The data:
• • • •

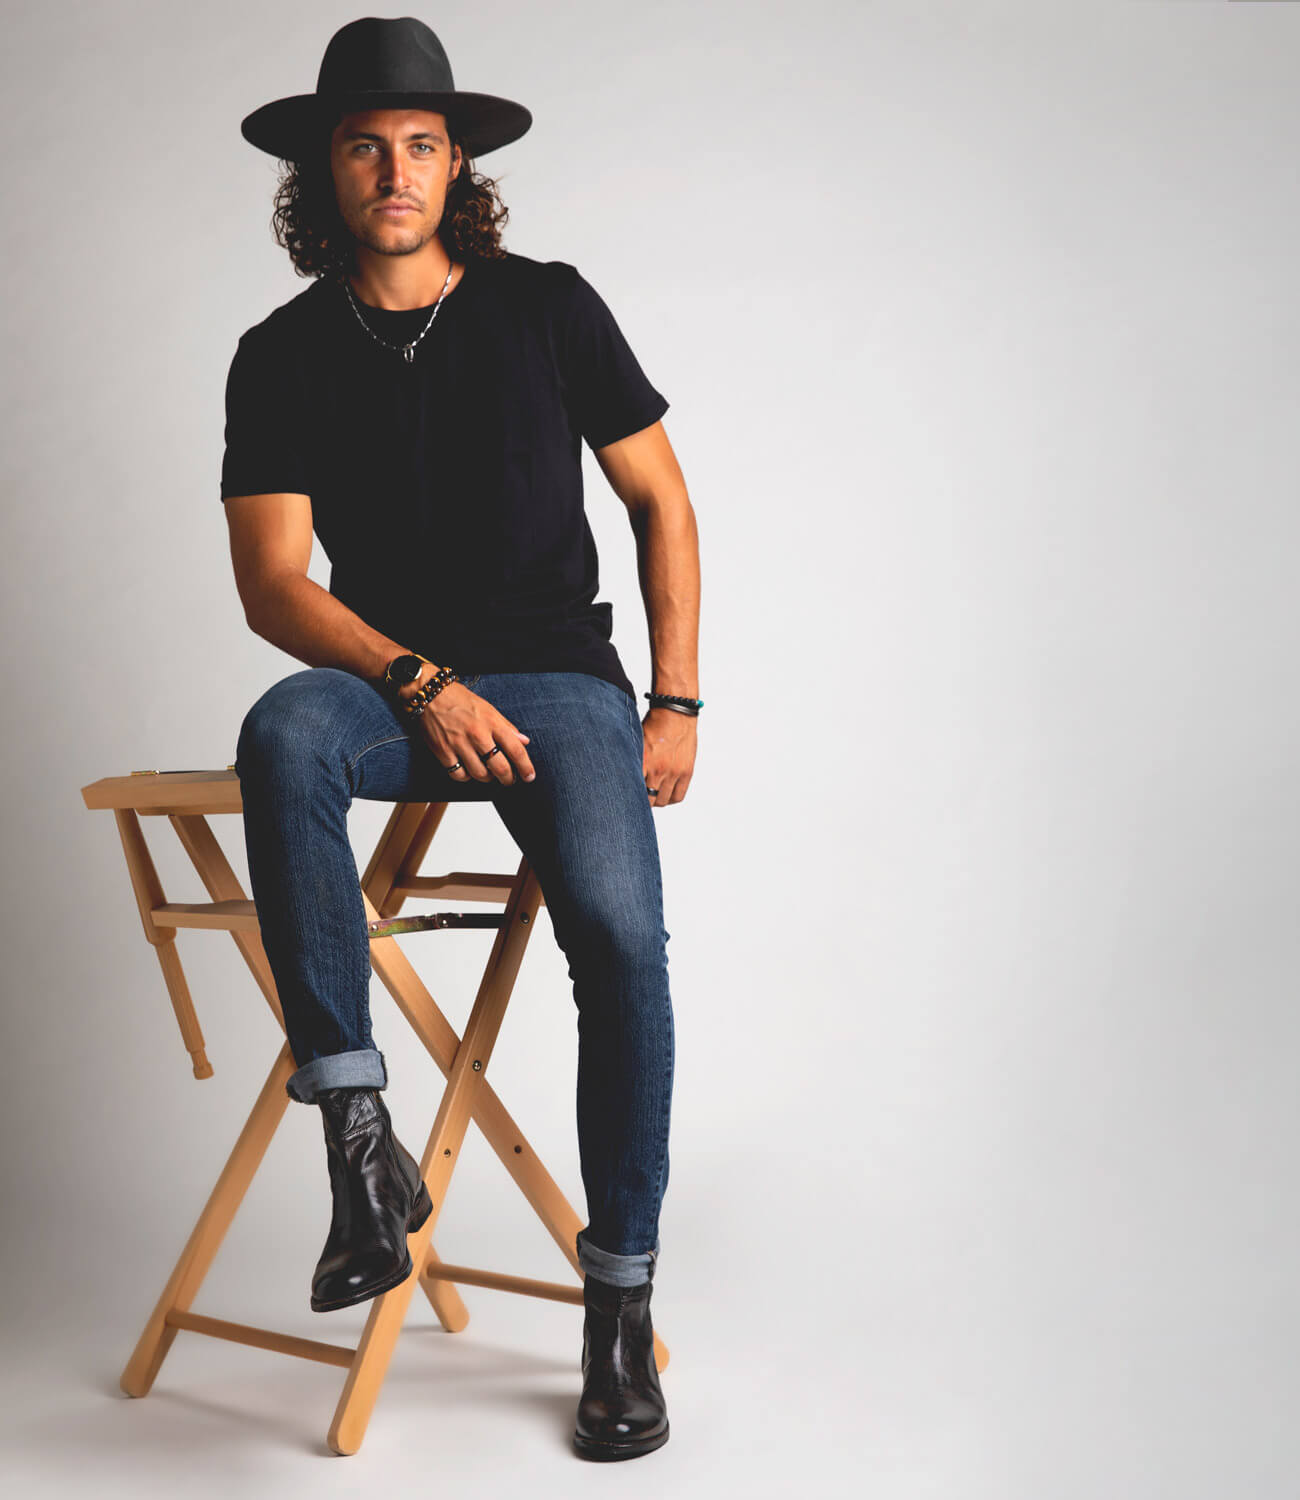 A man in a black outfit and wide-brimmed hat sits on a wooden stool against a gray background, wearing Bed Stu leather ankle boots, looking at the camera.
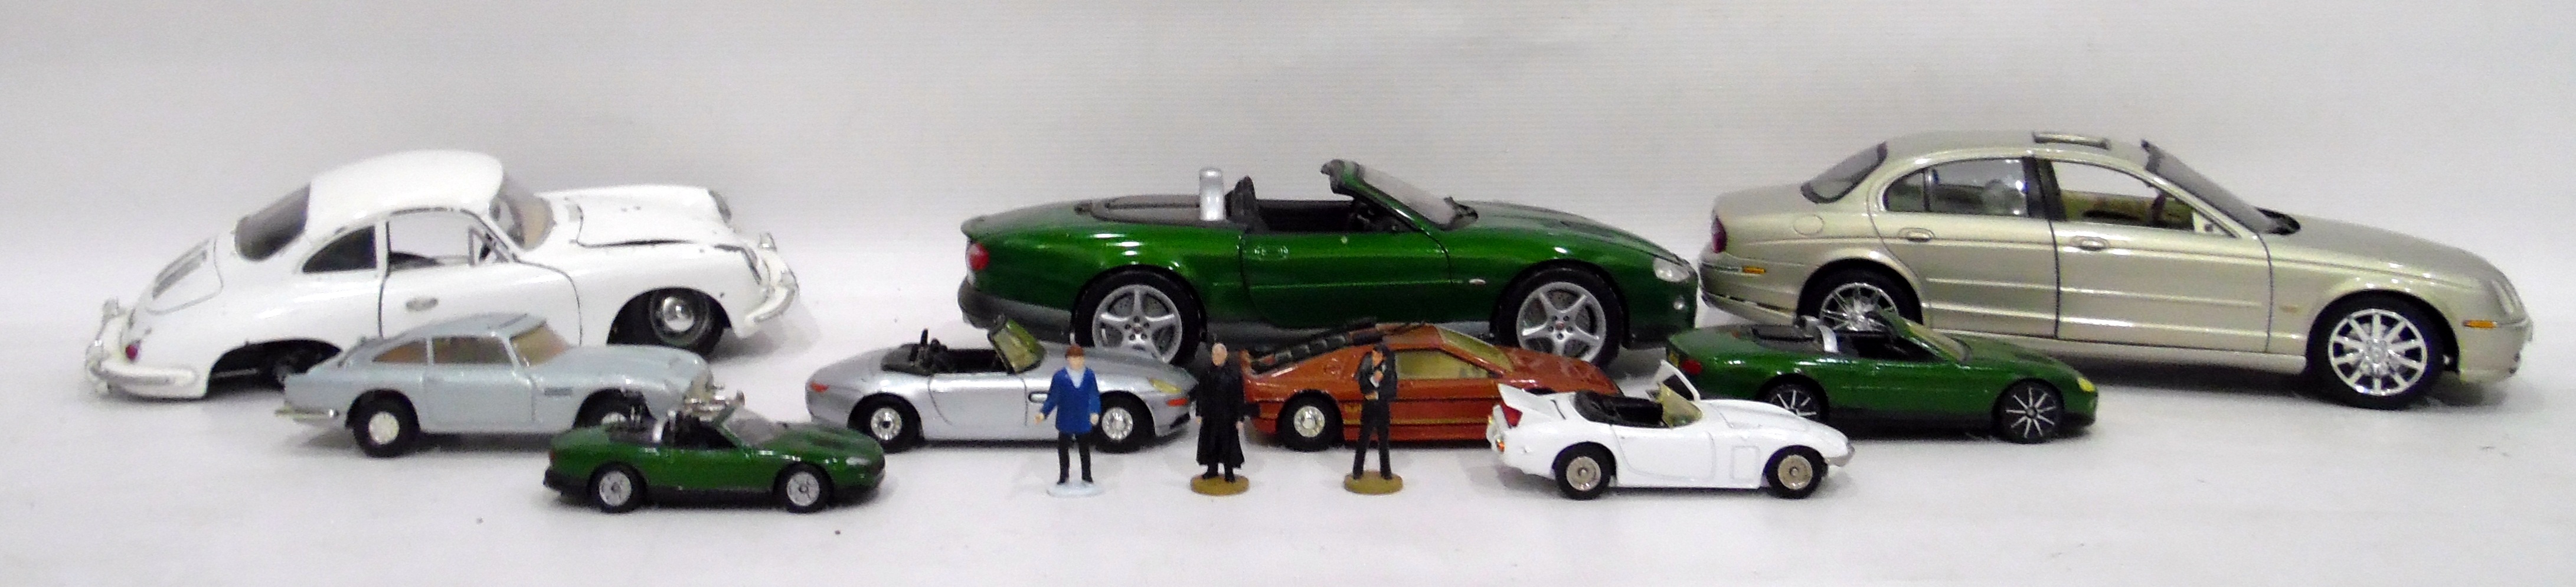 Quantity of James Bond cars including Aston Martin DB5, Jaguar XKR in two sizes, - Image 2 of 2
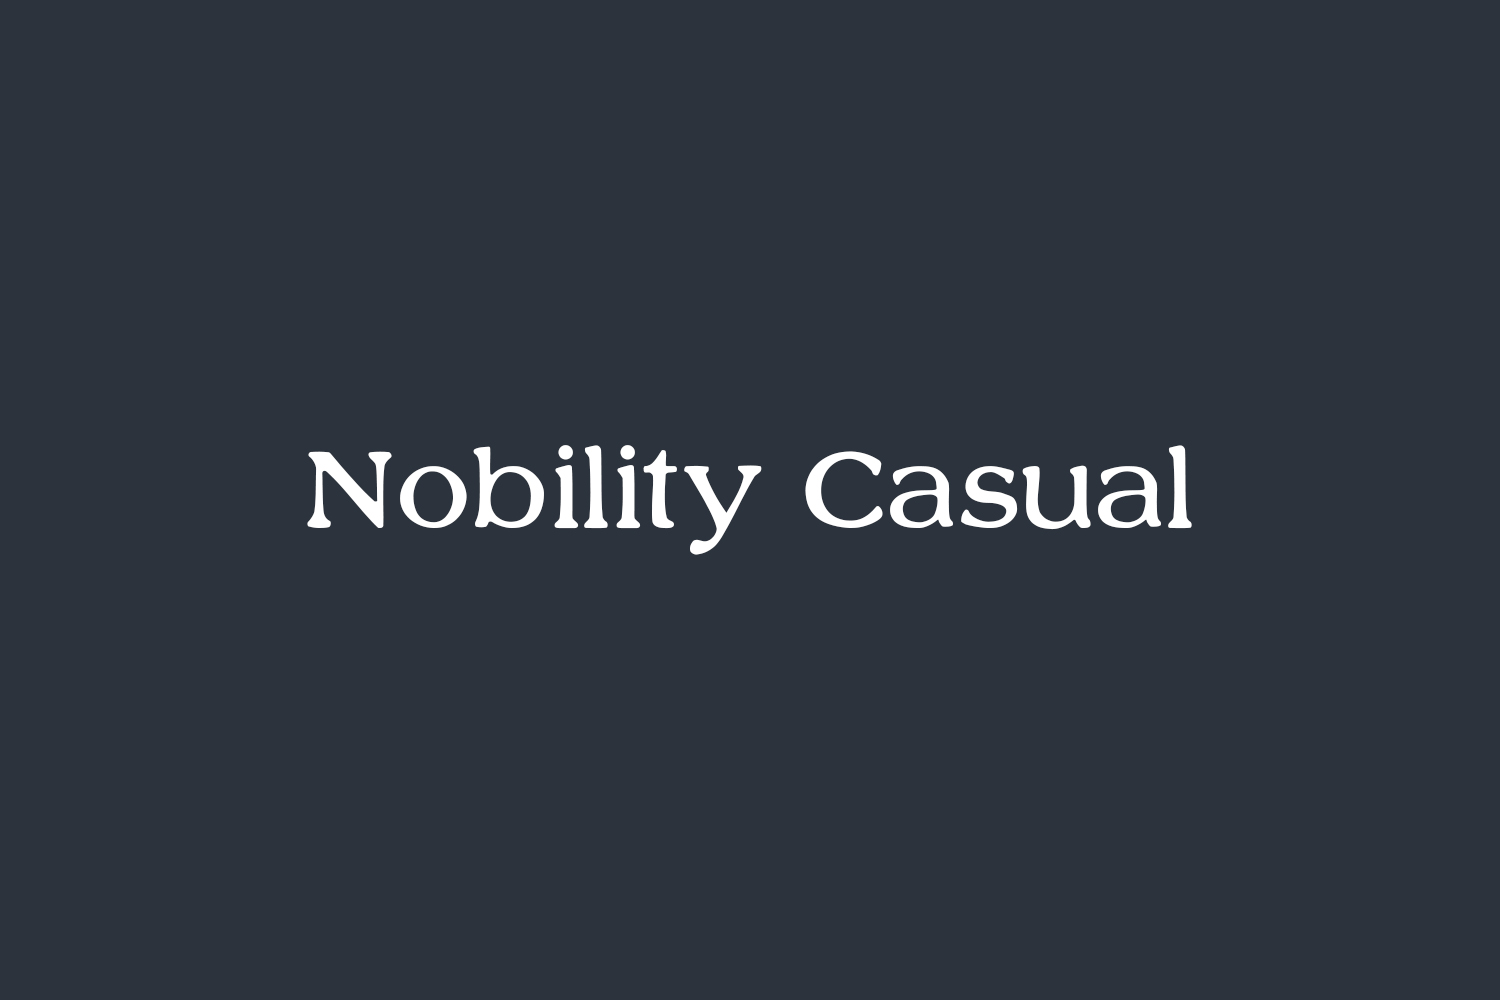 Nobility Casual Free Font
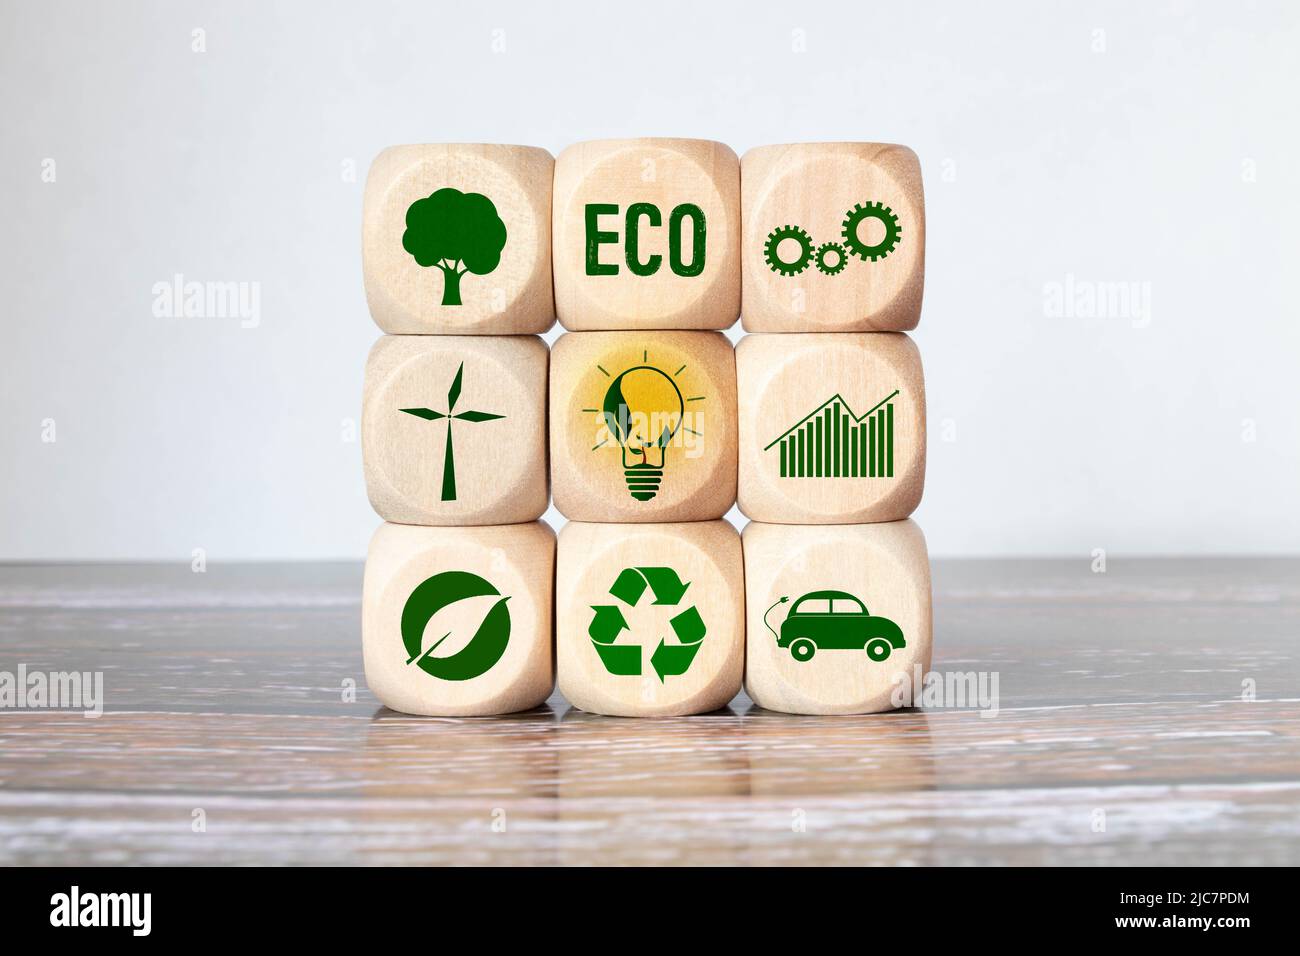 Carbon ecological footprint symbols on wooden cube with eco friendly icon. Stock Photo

• • • •

What is needed: Repeat the listing word for word, but without its pictures.

Answer for the task:
 A man in a black outfit and wide-brimmed hat sits on a wooden stool against a gray background, wearing Bed Stu leather ankle boots, looking at the camera.
 Quantity of James Bond cars including Aston Martin DB5, Jaguar XKR in two sizes, - Image 2 of 2
 Nobility Casual Free Font
 Carbon ecological footprint symbols on wooden cube with eco friendly icon. Stock Photo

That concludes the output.